De Bruijn's theorem states that, if a harmonic brick is packed into a box, then the box must be a multiple of the brick. For instance, the three-dimensional harmonic brick with side lengths 1, 2, and 6 can only be packed into boxes in which one of the three sides is a multiple of six and one of the remaining two sides is even. Packings of a harmonic brick into a box may involve copies of the brick that are rotated with respect to each other. Nevertheless, the theorem states that the only boxes that can be packed in this way are boxes that could also be packed by translates of the brick.

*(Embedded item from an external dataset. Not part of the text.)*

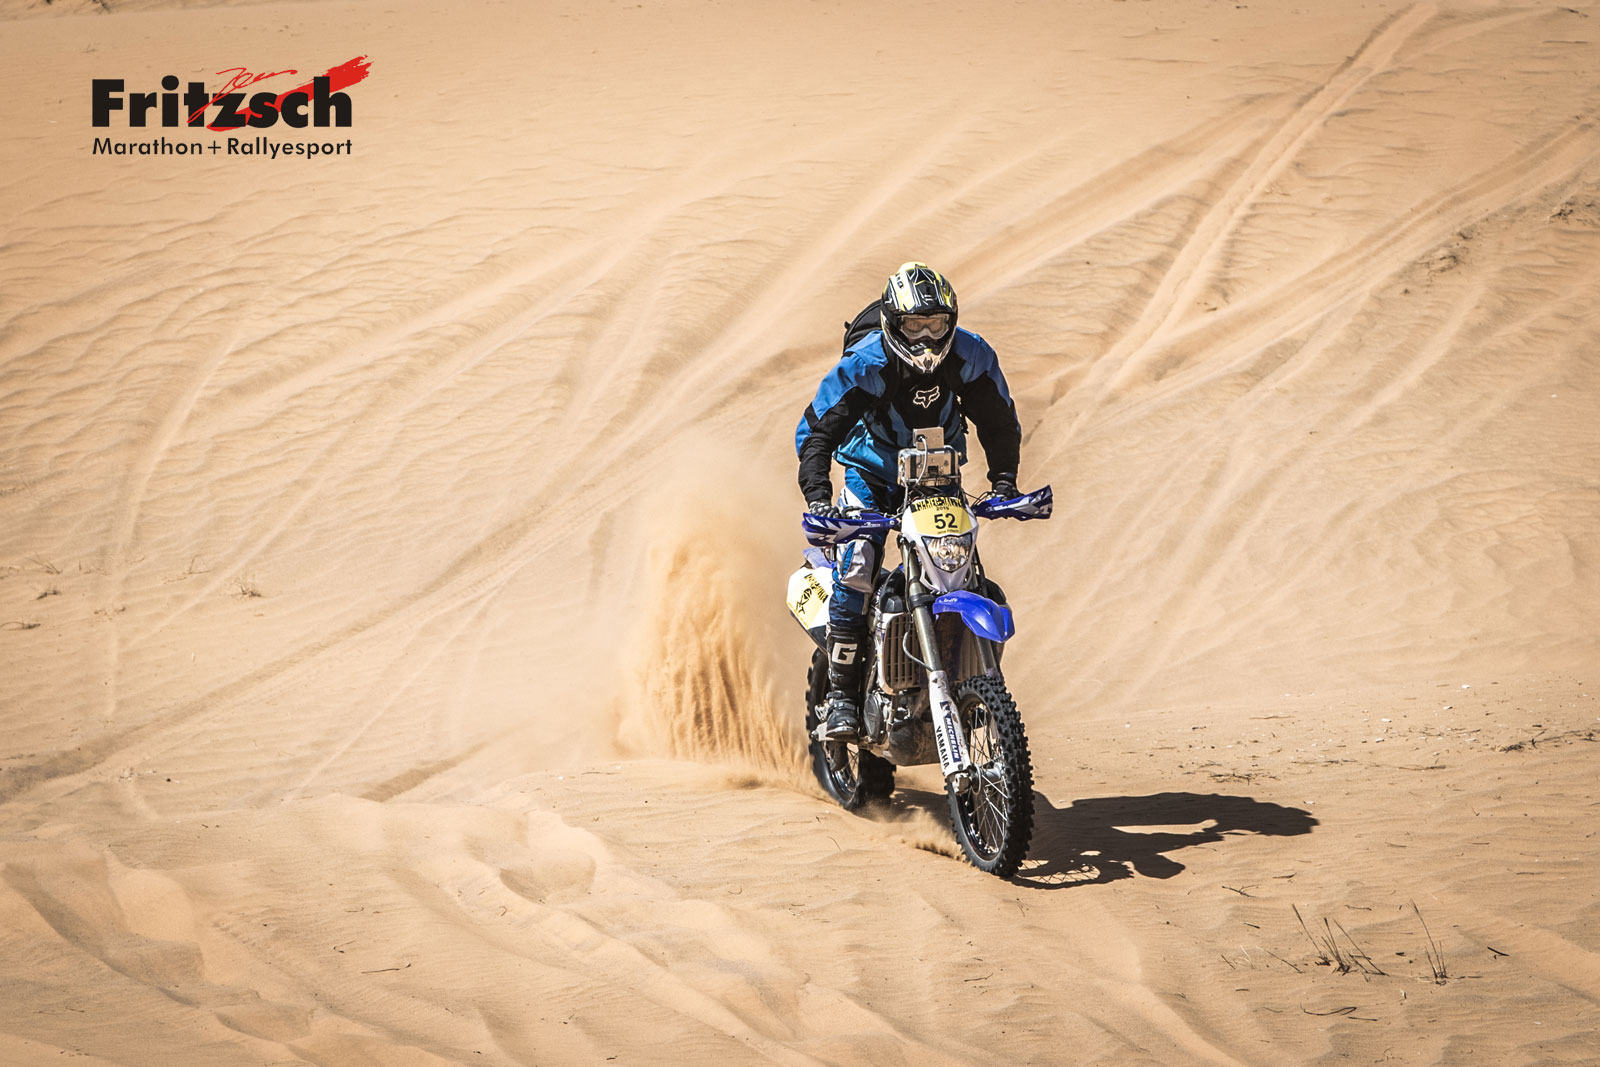 Tuareg Rallye 2019 in Algeria

Boisen (1995) provided an alternative proof of the three-dimensional case of de Bruijn's theorem, based on the algebra of polynomials.

==Non-harmonic bricks==
The third of de Bruijn's results is that, if a brick is not harmonic, then there is a box that it can fill that is not a multiple of the brick. The packing of the $2\cdot 3$ brick into the $5\cdot 6$ box provides an example of this phenomenon.

An $(a_1+a_2)\cdot (a_1a_2)$ box, tiled with $a_1\cdot a_2$ bricks, for the case $a_1=2$ and $a_2=5$

In the two-dimensional case, the third of de Bruijn's results is easy to visualize. A box with dimensions $A_1=a_1$ and $A_2=a_1\cdot a_2$ is easy to pack with $a_1$ copies of a brick with dimensions $a_1,a_2$, placed side by side. For the same reason, a box with dimensions $A_1=a_1\cdot a_2$ and $A_2=a_2$ is also easy to pack with copies of the same brick. Rotating one of these two boxes so that their long sides are parallel and placing them side by side results in a packing of a larger box with $A_1=a_1+a_2$ and $A_2=a_1\cdot a_2$. This larger box is a multiple of the brick if and only if the brick is harmonic.